How to iterate through boost thread specific pointers

I have a multi-thread application. Each thread initializes a struct data type in its own local storage. Some elements are being added to the vectors inside the struct type variables. At the end of the program, I would like to iterate through these thread local storages and add all the results together.

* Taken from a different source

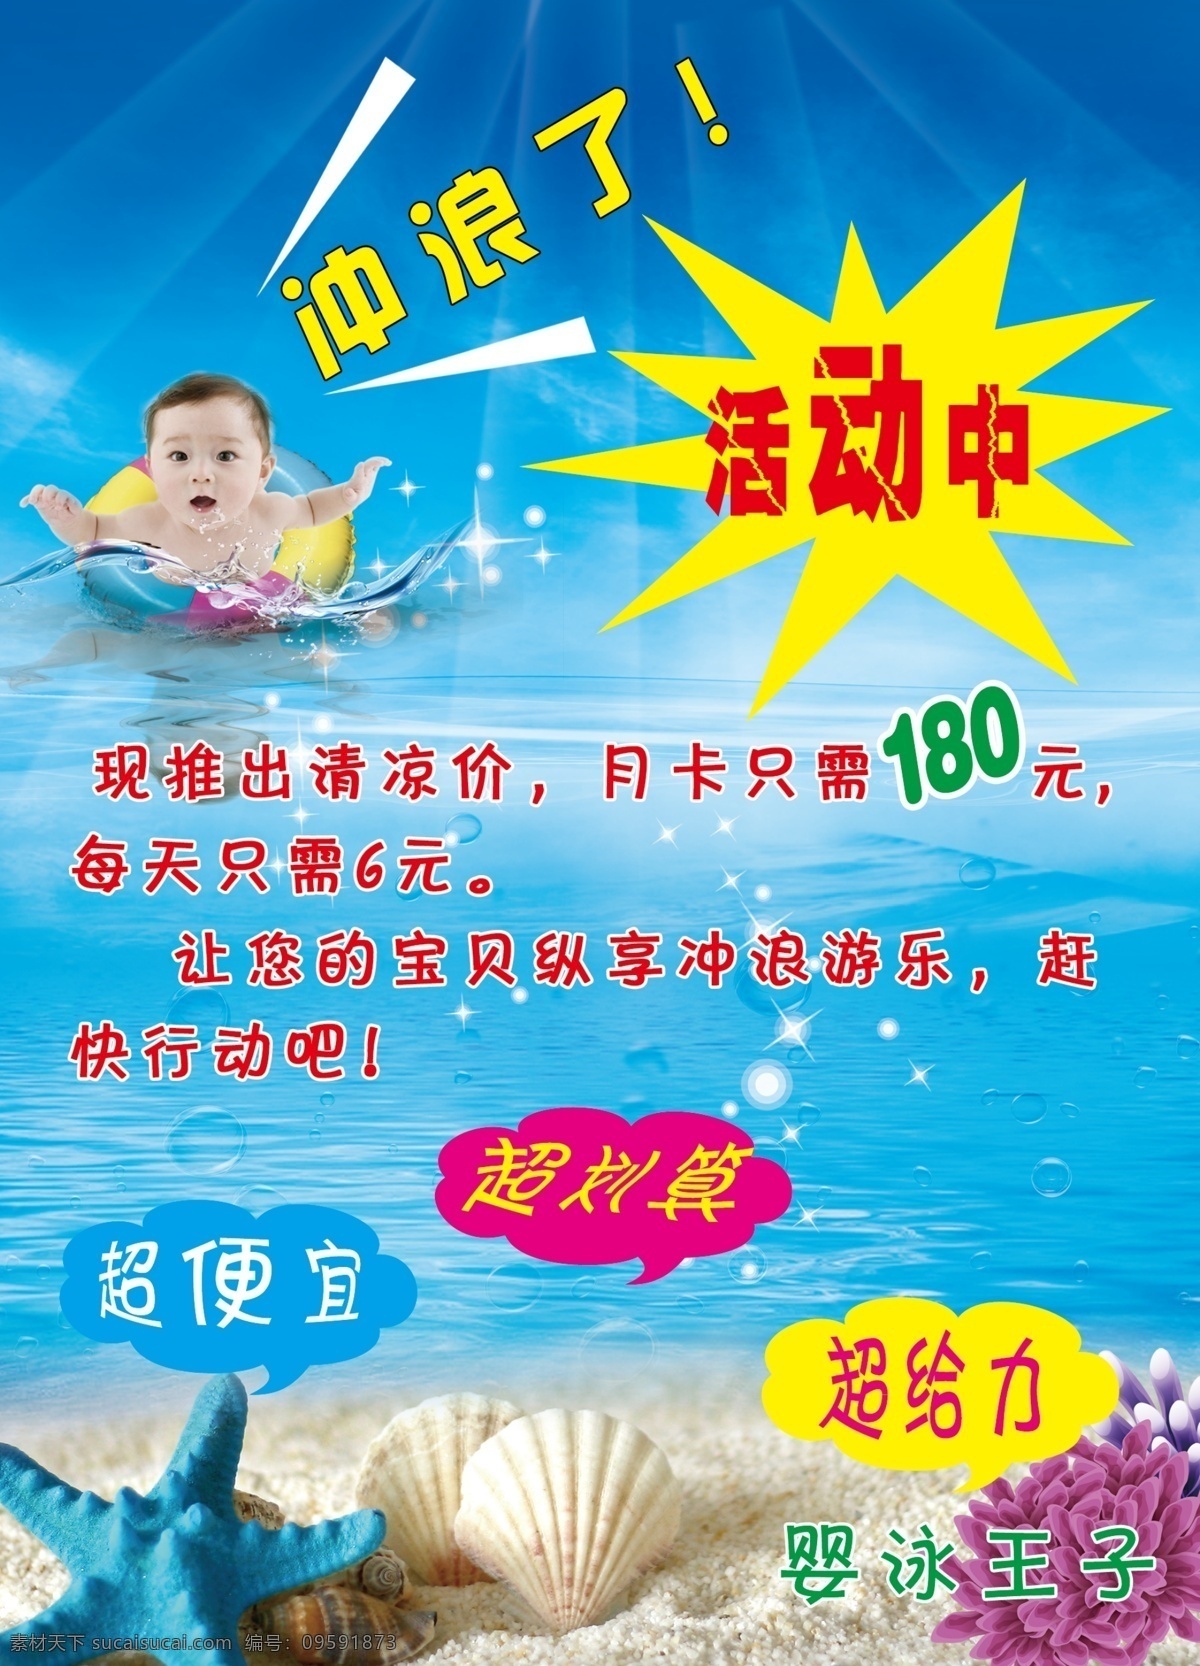 婴儿游泳馆 婴儿海报 游泳活动 冲浪 广告设计模板 源文件
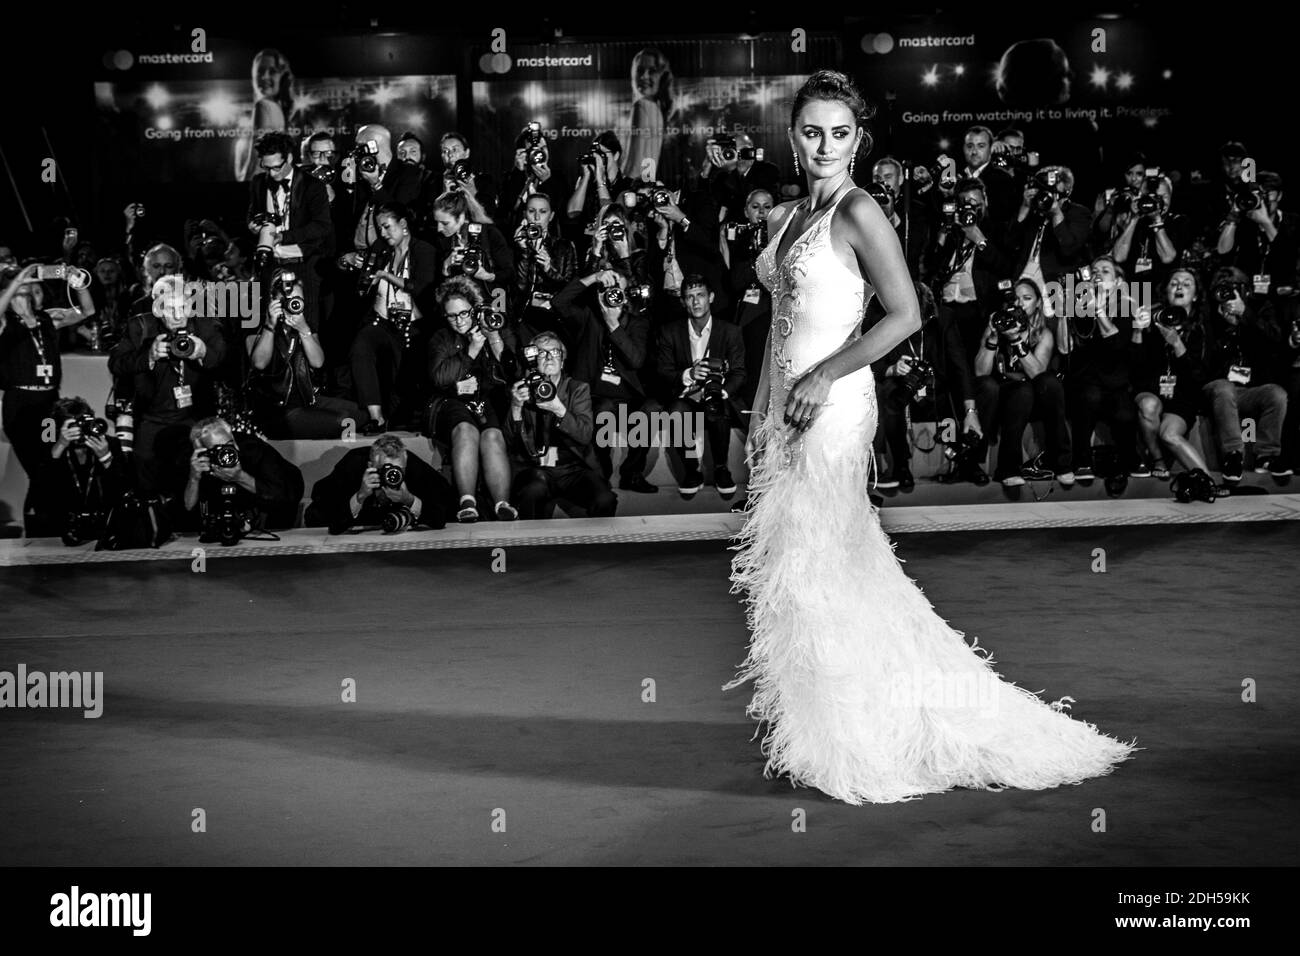 Penelope Cruz kommt zur Premiere von Loving Pablo im Rahmen des 74. Internationalen Filmfestivals (Mostra) in Venedig, Italien, am 6. September 2017. Foto von Marco Piovanotto/ABACAPRESS.COM Stockfoto

How can I iterate through the thread specific pointer so that I can add all the results from the multi threads together ?
Thanks in advance.
boost::thread_specific_ptr<testStruct> tss;
size_t x = 10;
void callable(string str, int x) {
if(!tss.get()){
tss.reset(new testStruct);
(*tss).xInt.resize(x, 0);
}
// Assign some values to the vector elements after doing some calculations
}
Example:
#include <iostream>
#include <vector>
#include <boost/thread/mutex.hpp>
#include <boost/thread/tss.hpp>
#include <boost/thread.hpp>
#include <boost/asio.hpp>
#include <boost/bind.hpp>
#define NR_THREAD 4
#define SAMPLE_SIZE 500
using namespace std;
static bool busy = false;
struct testStruct{
vector<int> intVector;
};
boost::asio::io_service ioService;
boost::thread_specific_ptr<testStruct> tsp;
boost::condition_variable cond;
boost::mutex mut;
void callable(int x) {
if(!tsp.get()){
tsp.reset(new testStruct);
}
(*tsp).intVector.push_back(x);
if (x + 1 == SAMPLE_SIZE){
busy = true;
cond.notify_all();
}
}
int main() {
boost::thread_group threads;
size_t (boost::asio::io_service::*run)() = &boost::asio::io_service::run;
boost::asio::io_service::work work(ioService);
for (short int i = 0; i < NR_THREAD; ++i) {
threads.create_thread(boost::bind(run, &ioService));
}
size_t iterations = 10;
for (int i = 0; i < iterations; i++) {
busy = false;
for (short int j = 0; j < SAMPLE_SIZE; ++j) {
ioService.post(boost::bind(callable, j));
}
// all threads need to finish the job for the next iteration
boost::unique_lock<boost::mutex> lock(mut);
while (!busy) {
cond.wait(lock);
}
cout << "Iteration: " << i << endl;
}
vector<int> sum(SAMPLE_SIZE, 0); // sum up all the values from thread local storages
work.~work();
threads.join_all();
return 0;
}
So, after I haven given some thought to this issue, I have come up with such a solution:
void accumulateTLS(size_t idxThread){
if (idxThread == nr_threads) // Suspend all the threads till all of them are called and waiting here
{
busy = true;
}
boost::unique_lock<boost::mutex> lock(mut);
while (!busy)
{
cond.wait(lock);
}
// Accumulate the variables using thread specific pointer
cond.notify_one();
}
With boost io_service, the callable function can be changed after the threads are initialized. So, after I have done all the calculations, I am sending jobs(as many as the number of threads) to the io service again with callable function accumulateTLS(idxThread). The N jobs are sent to N threads and the accumulation process is done inside accumulateTLS method.
P.S. instead of work.~work(), work.reset() should be used.